The following describes the technical solution of the embodiment of the present invention in detail with reference to fig. 1 to 10. The following embodiments may be combined with each other, and some embodiments may not be repeated for the same or similar concepts or processes.

Fig. 1 is a schematic flow chart of a fine-grained image recognition method provided by the invention. As shown in fig. 1, the method provided in this embodiment includes:

step 101, acquiring a fine-grained image to be identified;

102, identifying the fine-grained image by using an identification model to obtain an identification result;

the parameters of the preset layers of the identification model are preset values, the parameters of other layers of the identification model except the preset layers are obtained based on label-free training, and the number of the preset layers is higher than that of the layers except the preset layers.

Specifically, because the training of the small-scale data set in the deep residual network is easy to be subjected to the condition of over-fitting, in this embodiment, the training is simplified, for example, the highest layer or the next highest layer of the network structure of the recognition model, that is, the preset layer, is removed in the training process, that is, the preset layer in the recognition model is not trained. Experiments prove that the over fitting caused by small data volume can be effectively relieved.

When the model is applied, the parameters of the preset layers of the model are identified as preset values, and the parameters of the other layers of the model except the preset layers are identified as training.

Optionally, the recognition model may perform feature extraction on the input image, and classify and recognize the input image by a classifier.

Optionally, the identification model is a model built based on a residual network structure.

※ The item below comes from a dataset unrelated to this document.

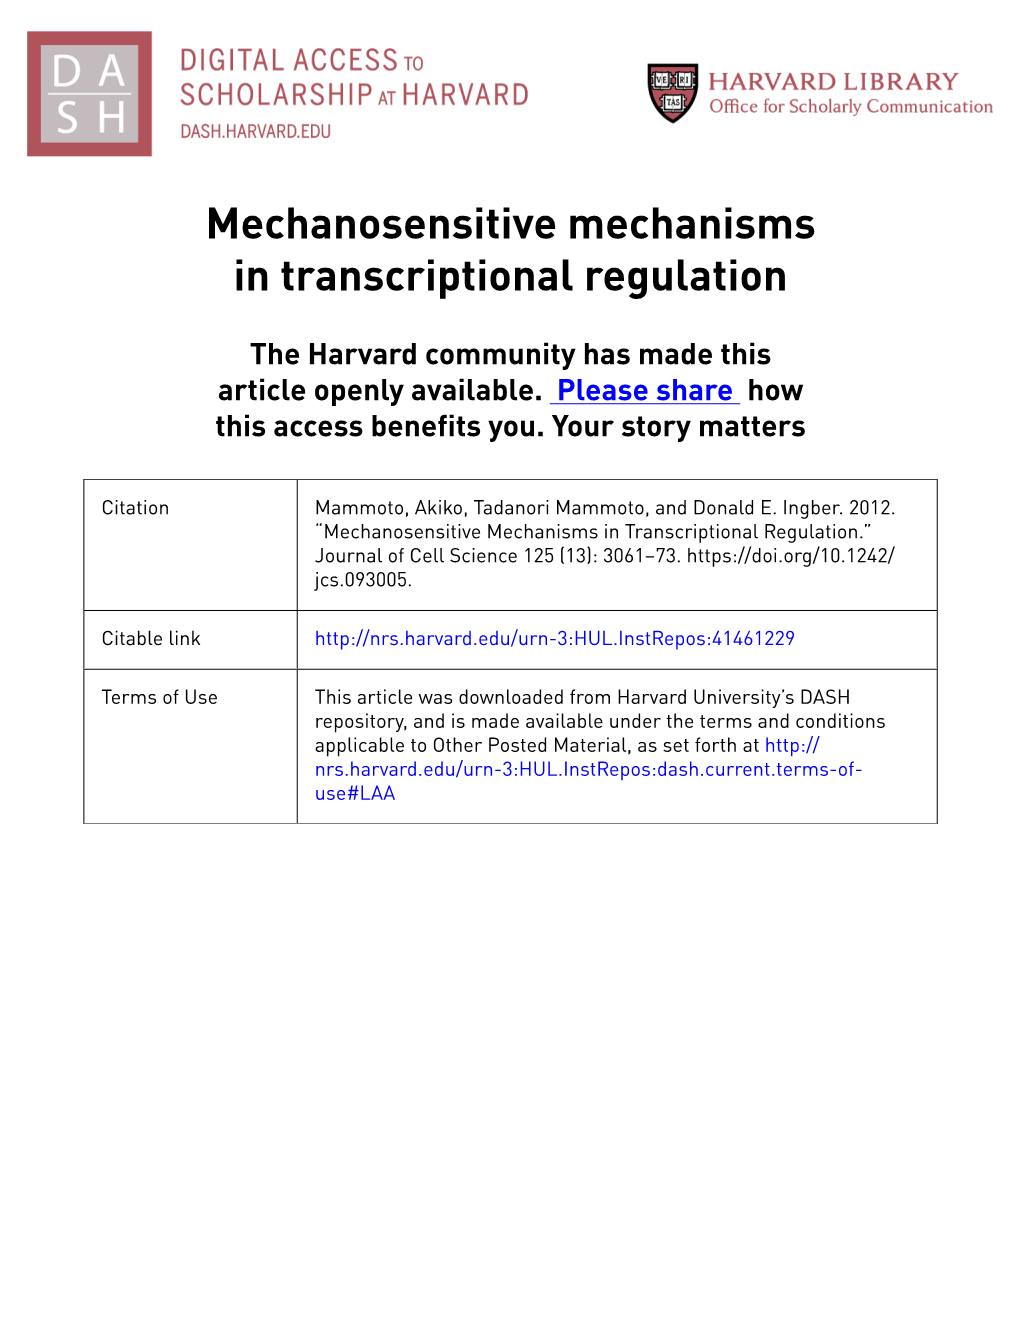 Mechanosensitive Mechanisms in Transcriptional Regulation
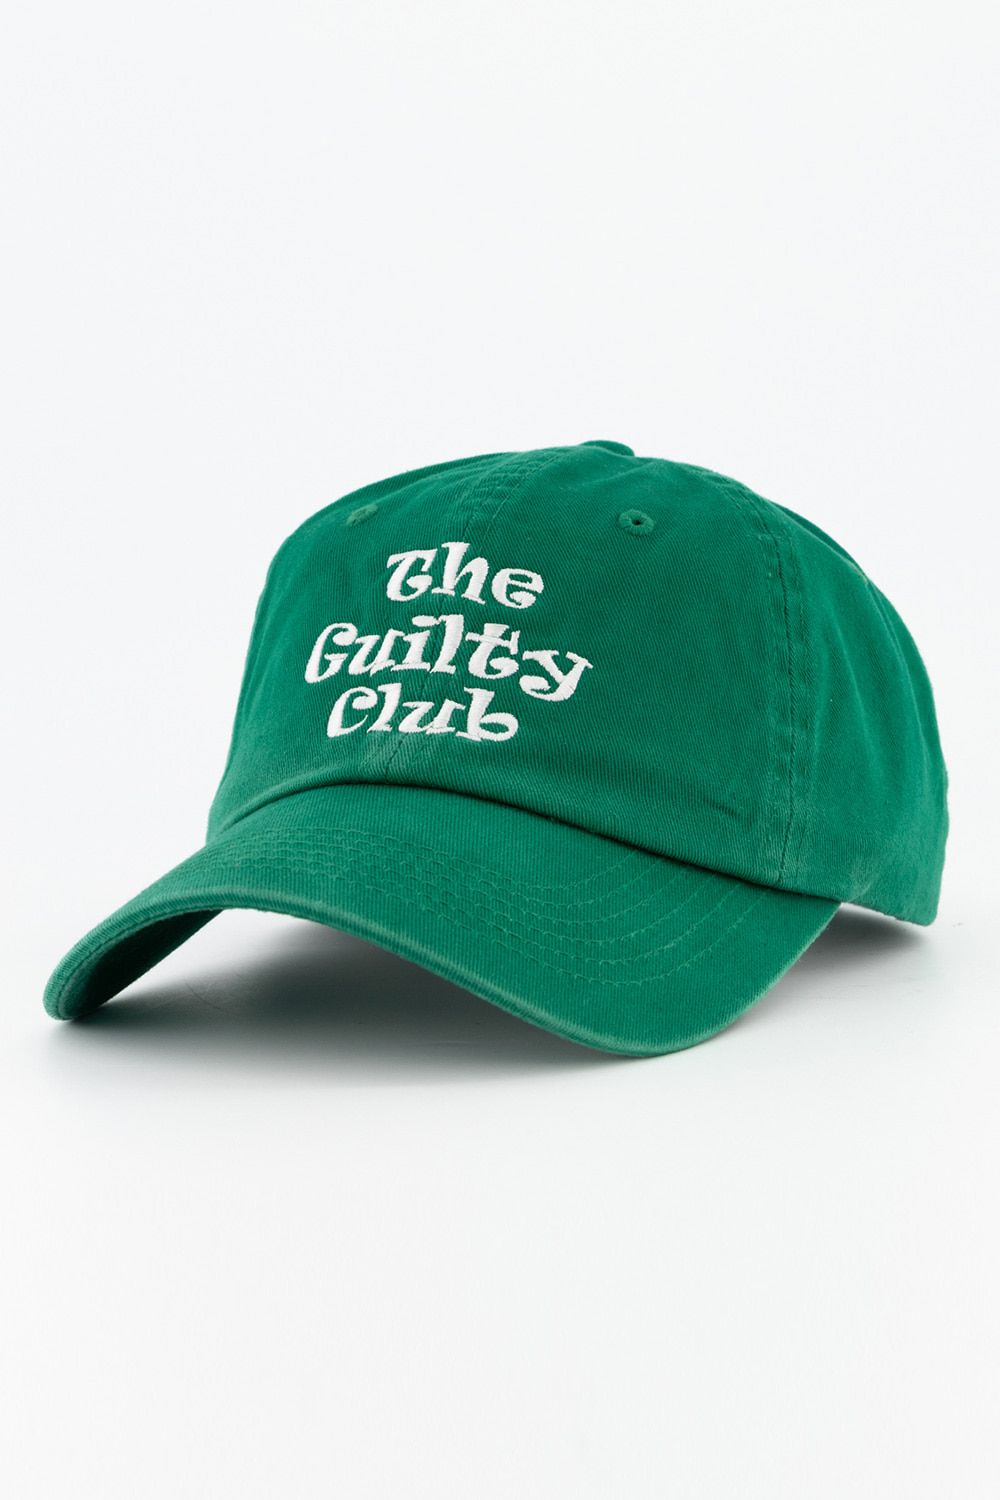 THE GUILTY CLUB  Ball Cap Green

In the embodiment of the present invention, the backbone network adopted by the identification model is a residual network, and in the following description, the residual networks res net50 and res net18 are taken as an example, the network structures of the res net50 and the res net18 are shown in table 2, and the structures of the two residual networks can be generally divided into four layers (layer 1, layer2, layer3 and layer 4), and each layer is composed of a plurality of residual blocks. For example, using the MoCo self-supervised learning framework, two network structures, namely, res net50 and res net18, are respectively used as encoders to perform self-supervised learning on a small-scale fine-granularity image dataset, so as to verify the effectiveness of the self-supervised learning on fine-granularity image recognition, and the results are shown in table 1. As can be seen from table 1, when the same epoch is pre-trained and fine-tuned, the identification accuracy of the res net50 with more network layers and stronger feature expression is lower than that of the res net18 with fewer network layers and weaker feature expression on the data set.

TABLE 1

；

TABLE 2

；

Further, to determine which part of the network model caused difficulty in learning ResNet50 on fine-grained image datasets, embodiments of the present invention discard parameters of a layer in the residual network model during training, thereby yielding the impact of each layer of parameters on the model tuning process. Specifically, parameters of a certain layer of the network are discarded one by adopting a control variable method, so that the influence of the layer on the result is obtained, and the result is shown in table 3. As can be seen from table 3, for the res net50, the parameters of layer3 and layer4 layers of the pre-trained network structure are discarded and then trimmed, which instead can result in higher recognition accuracy, indicating that higher layer parameters in the network may be redundant for this task. At the same time, this can explain the reason that the deeper network structure shown in table 3 is prone to over-fitting phenomenon, because the data size of the fine-granularity image dataset is small, while the parameters of the higher-level network of the residual structure are more, and the higher-level network contains complex semantic information, so over-fitting is easier to generate.

TABLE 3 Table 3

；

In the method of the embodiment, the fine-grained image is identified by utilizing an identification model, and an identification result is obtained; the parameters of the preset layers of the recognition model are preset values, the parameters of other layers of the recognition model except the preset layers are obtained based on label-free training, the number of the preset layers is higher than that of the layers except the preset layers, namely, the preset layers are high layers of the recognition model, because the data size of a fine-grained image dataset is small, the high-layer network of the recognition model is more in general parameters, and the high layers contain complex semantic information, the overfitting is easier to generate, the preset layers in the scheme do not train, the preset values are directly used, namely, the other layers of the recognition model are trained under the condition that the parameters of the preset layers are the preset values, the overfitting is not easy to generate, and the training data with labels are not needed.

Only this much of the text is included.